Segment Open
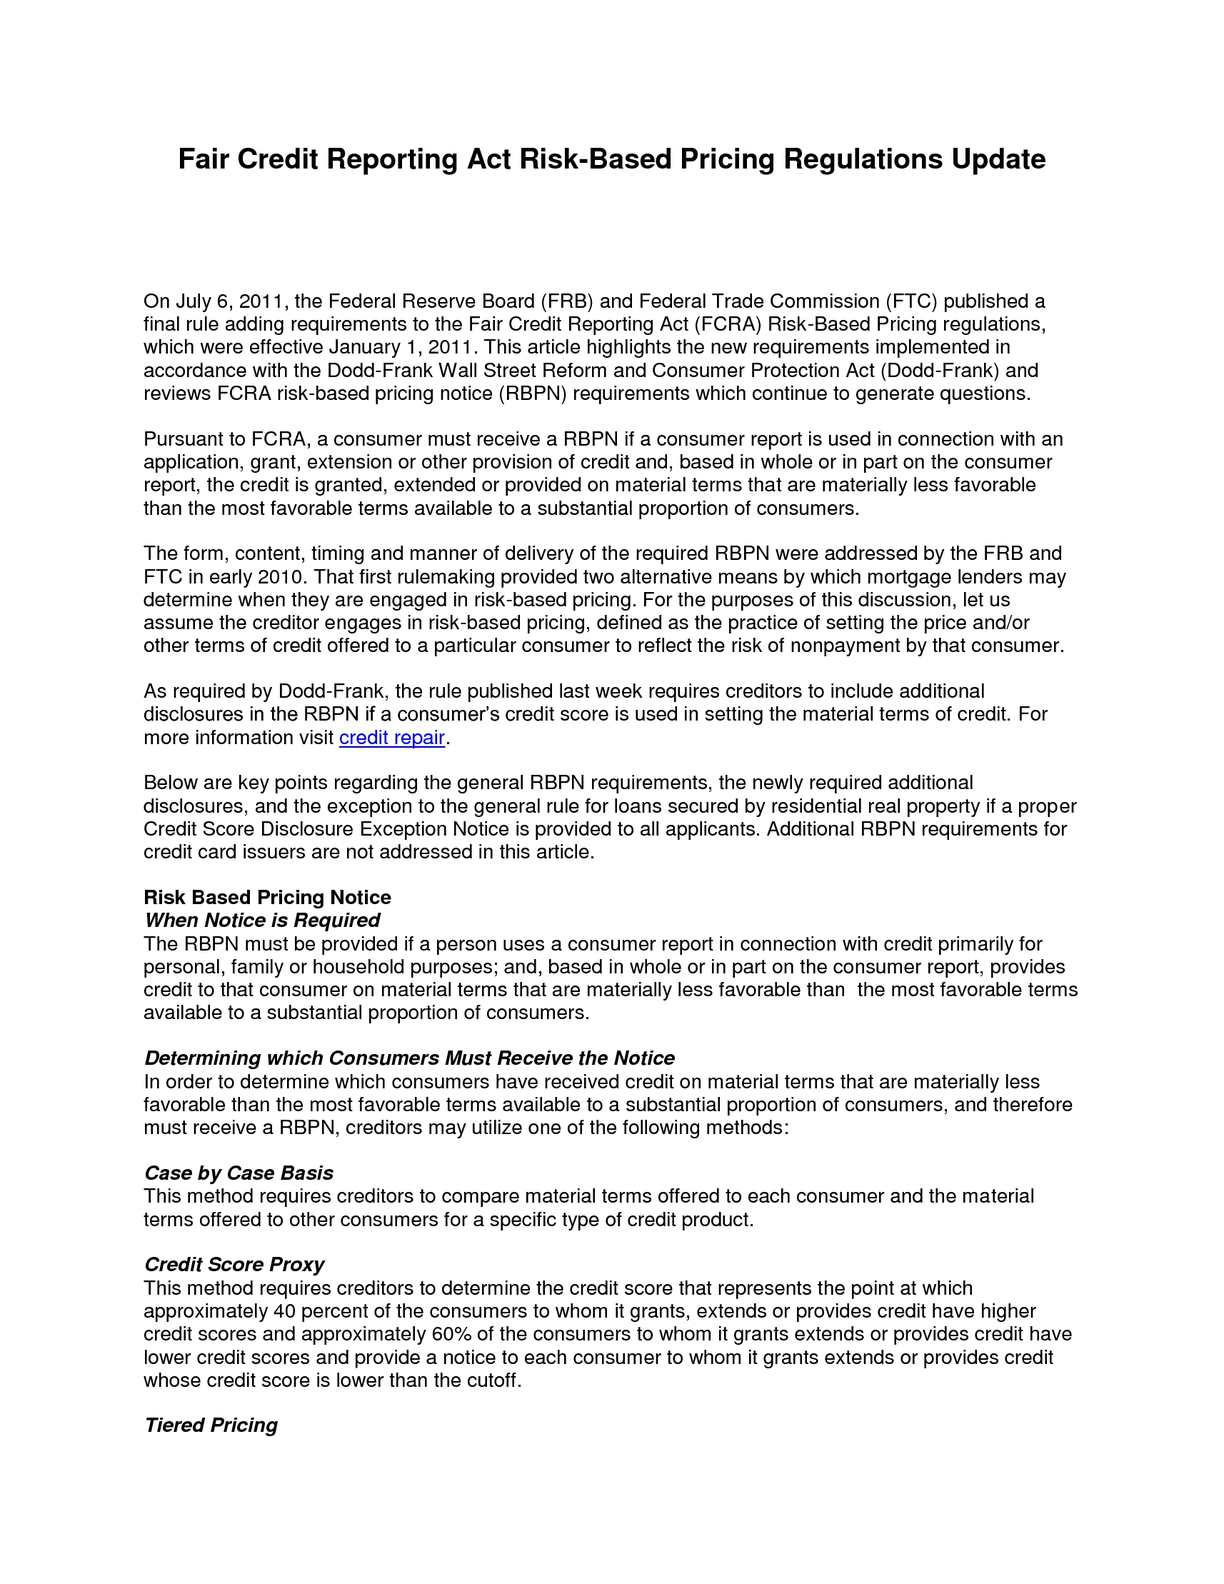 Loans For Fair Credit >> Calameo Fair Credit Reporting Risk Based Pricing
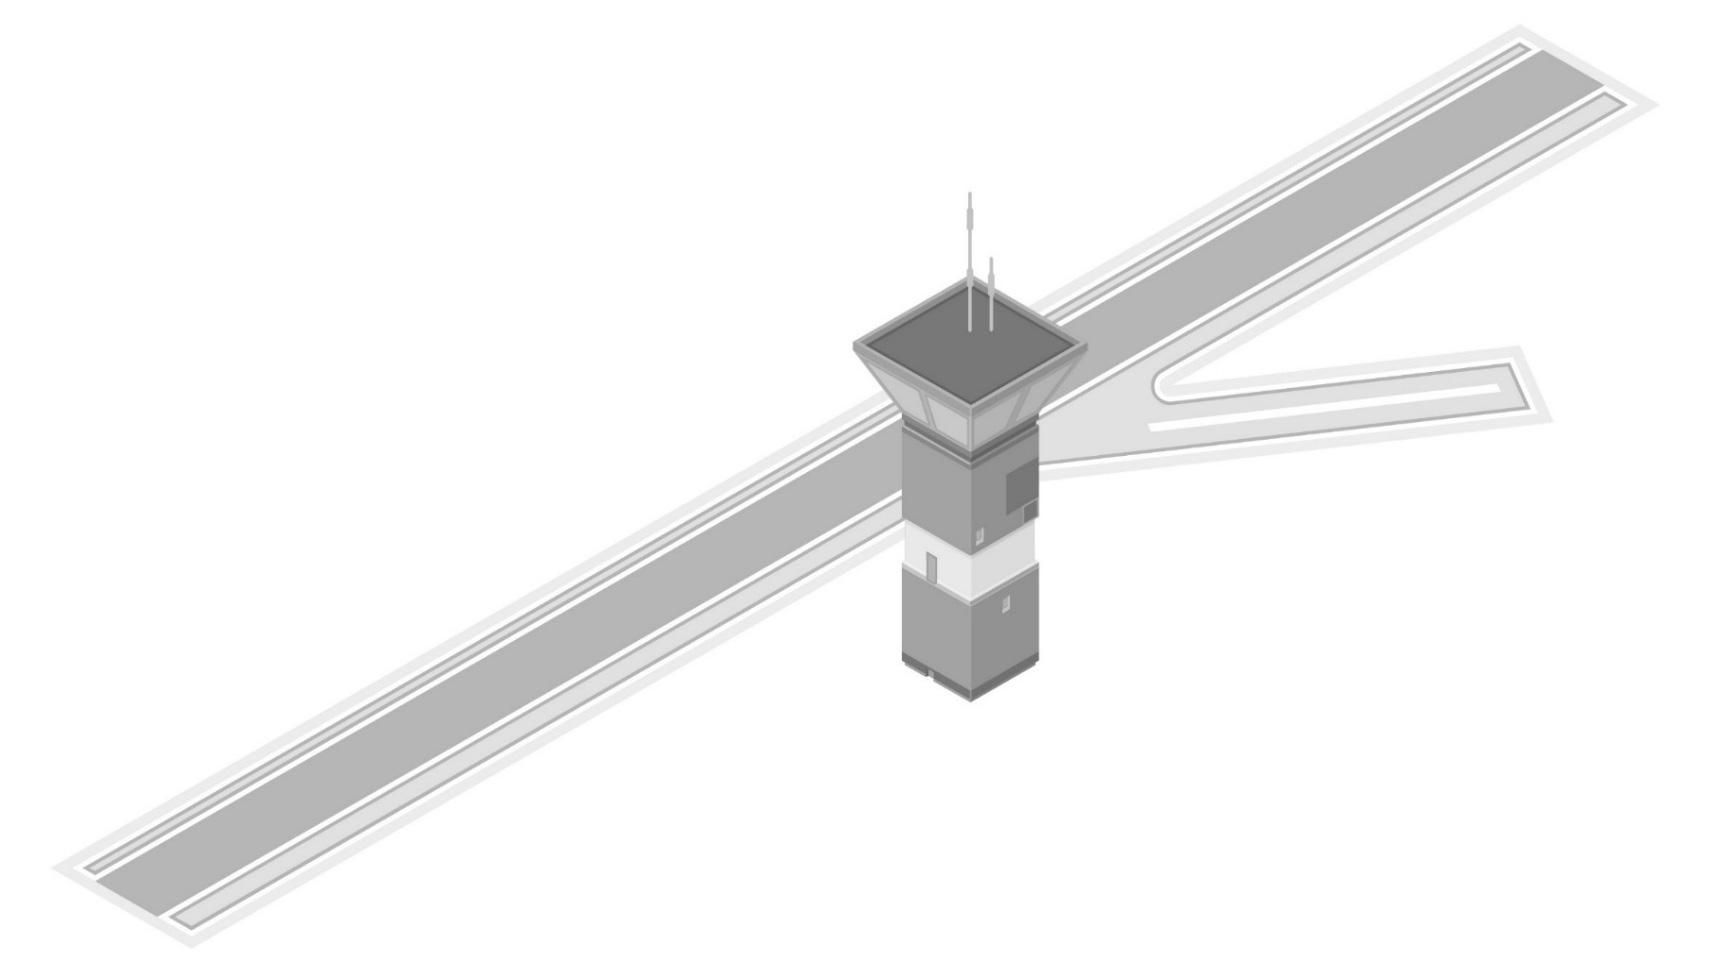 delta-box_aplicaciones_balizaje-aeropuerto-y-helipuerto-visuel-general
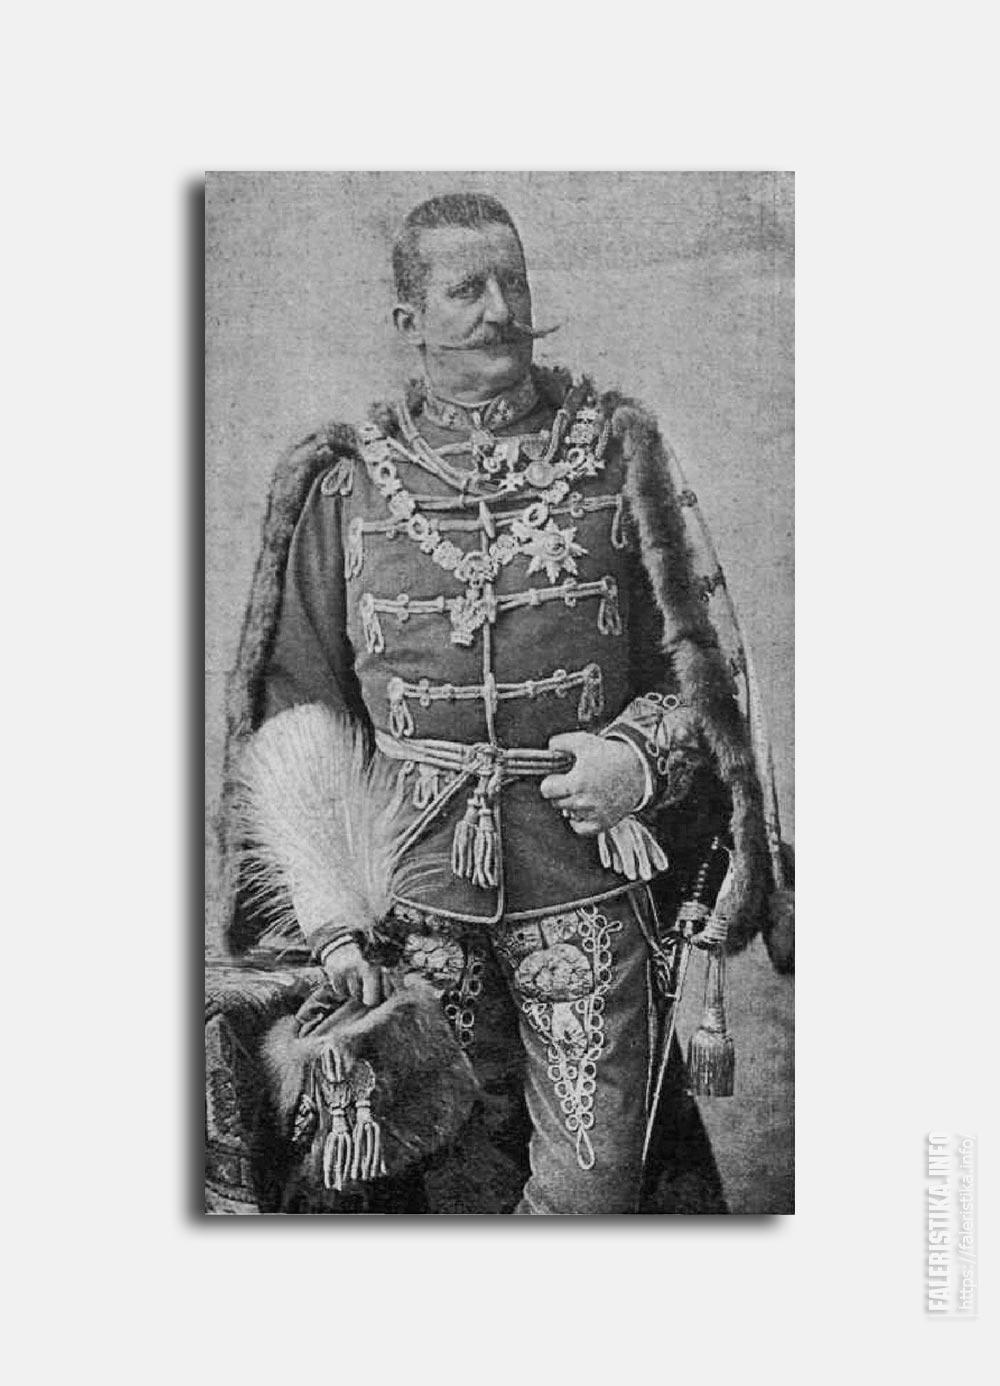 Фельдцехсмейстер Геза Фейервари де Комлош-Керестеш, премьер-министр Венгерского Королевства. Пример ношения знаков Большого Креста Ордена Железной Короны. Цепь, знак, звезда
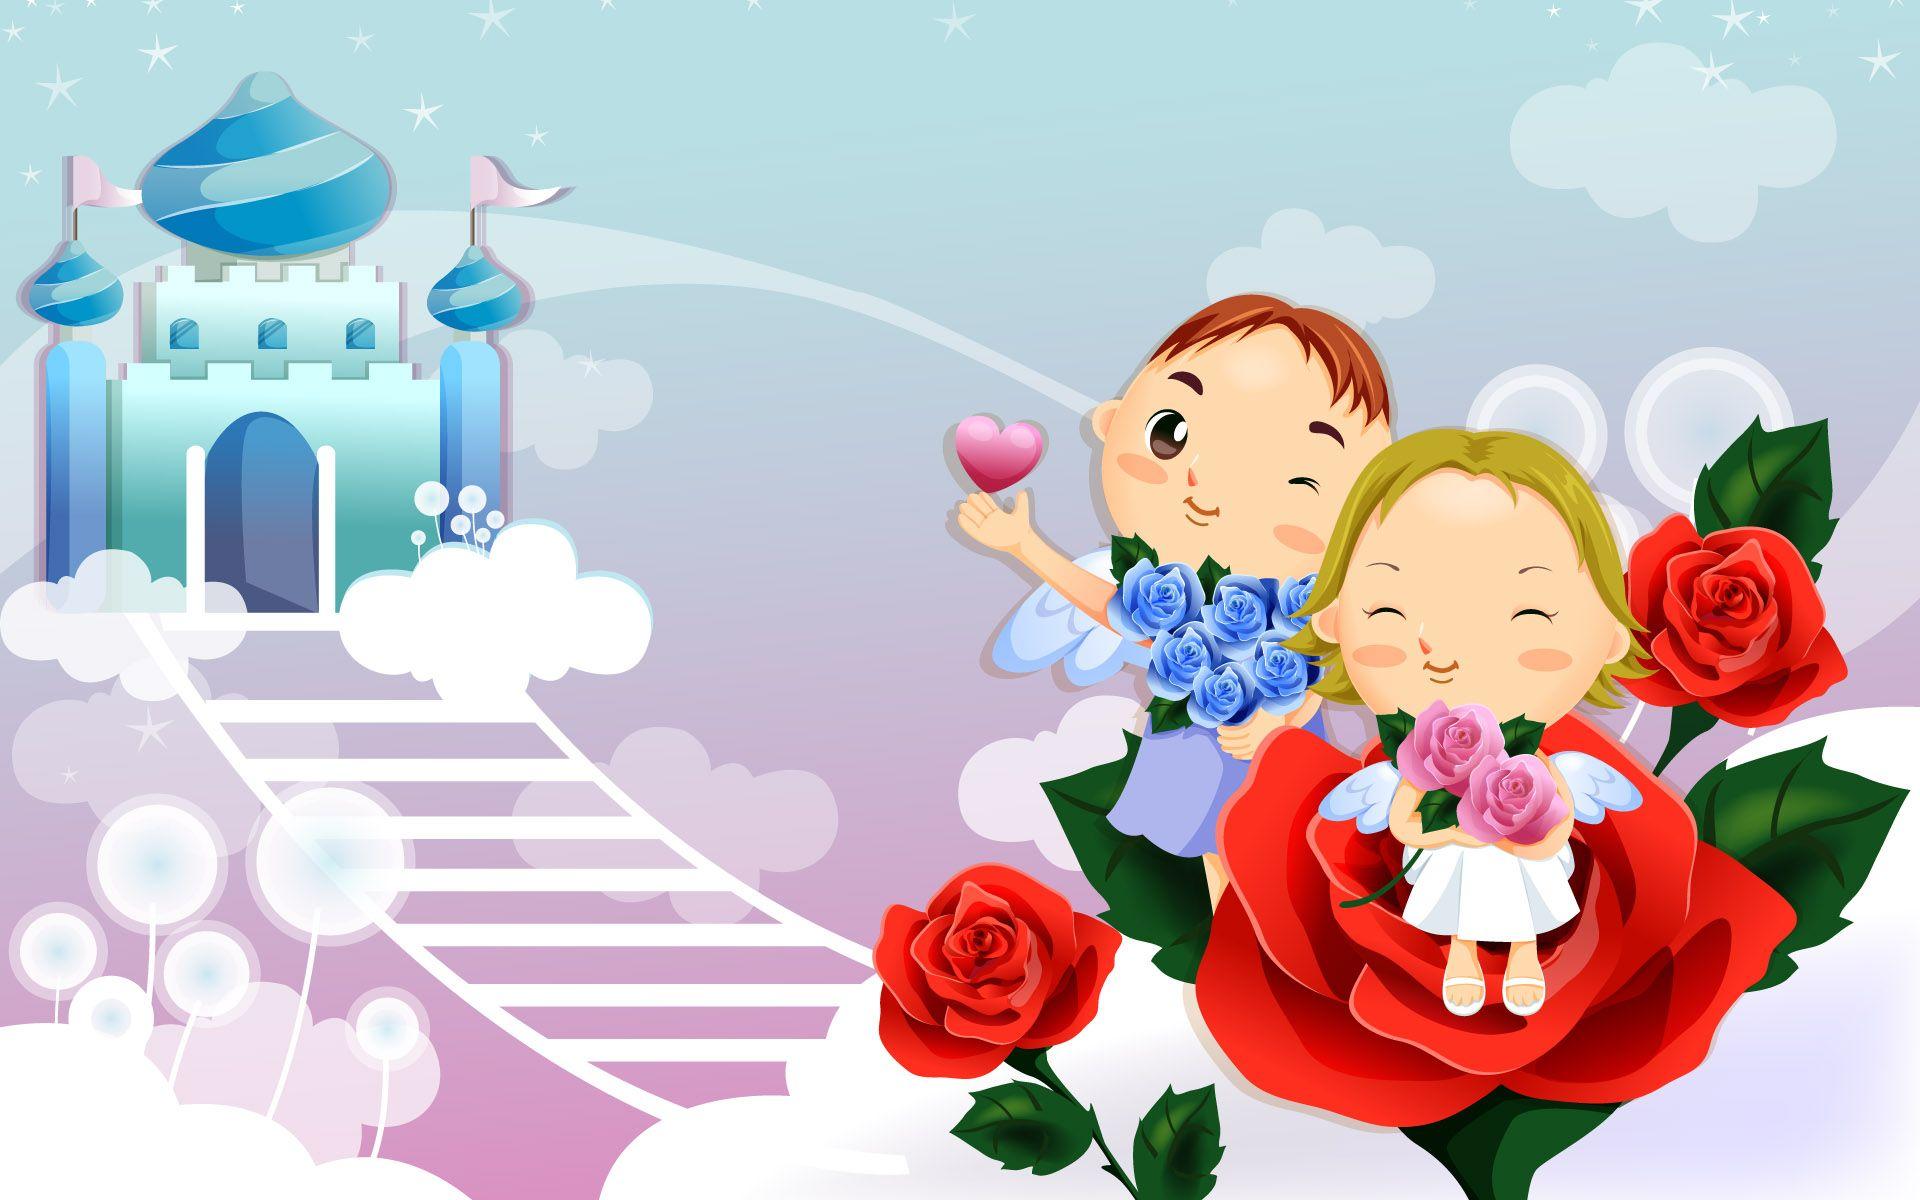 Cool Wallpaper I Love You Cartoon - b946105eb3ca3a8a1d8410012add5b0f  Pic_113615   .jpg
Segment Closed
- **WORK REQUEST**: Lines from the one containing "Фельдцехсмейстер Геза Фейервари" through the end of the listing, both included, are to be restated exactly, and pictures are to be left out.

- **ANSWER TO THE PROBLEM**:
 Фельдцехсмейстер Геза Фейервари де Комлош-Керестеш, премьер-министр Венгерского Королевства. Пример ношения знаков Большого Креста Ордена Железной Короны. Цепь, знак, звезда
 Cool Wallpaper I Love You Cartoon - b946105eb3ca3a8a1d8410012add5b0f  Pic_113615   .jpg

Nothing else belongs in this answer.